“Cash, precious metals, cryptocurrencies” is the new norm for peak stock market risk

“Cash, precious metals, cryptocurrencies” is the new norm for peak stock market risk


You will pay more for active ETFs than for passive funds. Is it worth it?

With a handful of large-cap technology and AI stocks at the top of the list S&P500 Index dominating the US market in a way unprecedented in history, portfolio concentration risk has taken on a new form, and investors have long been told to follow some version of Warren Buffett’s stock advice to “never bet on America.”

But with nine tech stocks that rank higher than Buffett Berkshire Hathaway weighted in an index representing almost 40% of the market, the imbalance is causing investors to look for new ways to hedge. Buffett may also disagree with their answer, even though he did long doubting voice on the value of precious metals, but many people are moving in this direction cashgold and cryptocurrencies to find uncorrelated returns and volatility protection.

“If you break down ETF flows into categories, it’s cash, precious metals and then crypto,” Todd Sohn, senior ETF specialist and technical strategist at Strategas Securities, said on CNBC “ETF Edge” earlier this week, referring to the trades that have been most popular among investors this year. “They are clearly being embraced by the more mainstream [investors]”

He linked this tendency directly to concentration risk. “Some investors realize they have a lot of exposure to technology and artificial intelligence, so they need to diversify and find uncorrelated assets,” Sohn said.

Although some experts recommend surprise-inducing assignments to gold and cryptocurrencies, and there are more of them we are talking about a 60-20-20 portfolio To replace the classic 60-40 equity bond mix, most allocations are still small but growing.

“Most of the conversations I’m having and the allocation documents I’m reading are talking about one to three percent for cryptocurrencies and three to seven [percent] on gold,” Sohn said.

Gold experienced hard weekwith significant sales but up over 60% on the year as it trades this week, it’s no big surprise to see profits being taken. Gold has struck record high above $4,400 this month, supported by central bank purchases, dollar depreciation and persistent geopolitical risk, the so-called “degrading trade”.

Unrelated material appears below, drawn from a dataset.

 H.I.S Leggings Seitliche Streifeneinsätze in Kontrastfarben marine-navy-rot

The SPDR Gold Shares (GLD) approximately $6.8 billion flowed in over the last month, in a year in which gold funds achieved nearly $40 billion in net inflows from investors.

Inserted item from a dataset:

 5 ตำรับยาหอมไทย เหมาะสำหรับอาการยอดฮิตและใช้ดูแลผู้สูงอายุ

Crypto, a newer security that is becoming more attractive to investors, also had a good year, although the price of gold more than tripled bitcoinsreturn of 17% while ether gained 15%. The launch of spot bitcoin ETFs has brought institutional money into the space and transformed digital assets into legitimate wallet tools. The iShares Bitcoin Trust (IBIT) According to VettaFi, it is one of the largest cash bitcoin ETFs, managing nearly $90 billion in assets.

Sohn says using ETFs to access new approaches to the market has been fundamental to its history and evolution. “We started in large-cap stocks in 1993, gold and emerging markets in 2004, and now we’ve moved into call and high-yield products,” Sohn said.

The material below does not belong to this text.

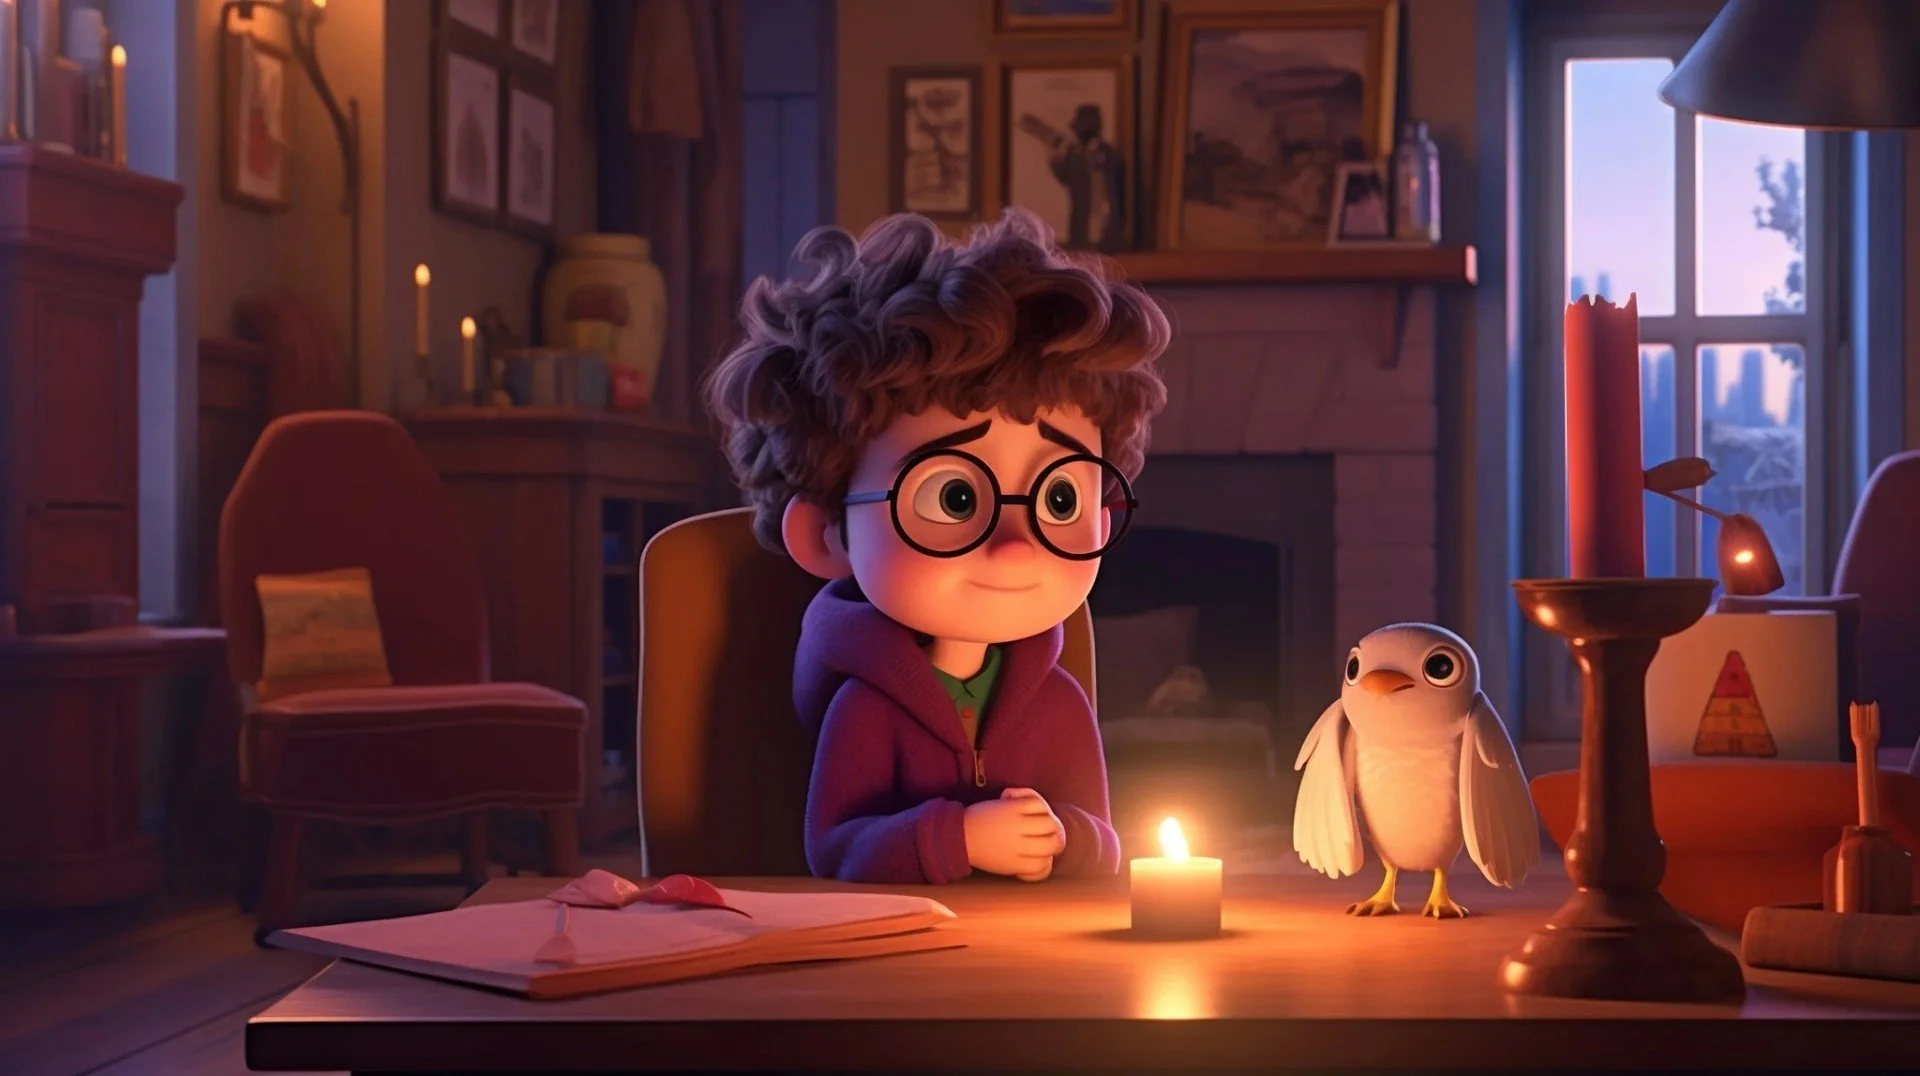 Персонажей из франшизы о Гарри Поттере показали в стиле мультфильмов студии Pixar

This also means that investors can manage risk in different ways. Instead of relying on high-yield stocks or simple bond funds, they can build portfolios with derivatives-based ETFs or alternative exposures.

Crypto tells a similar story. Thanks to now regulated ETFs, bitcoin and ethereum have moved from speculative trades to recognized components of diversified strategies. “The pace of development and innovation that is driving these ETFs is lightning fast,” Sohn said.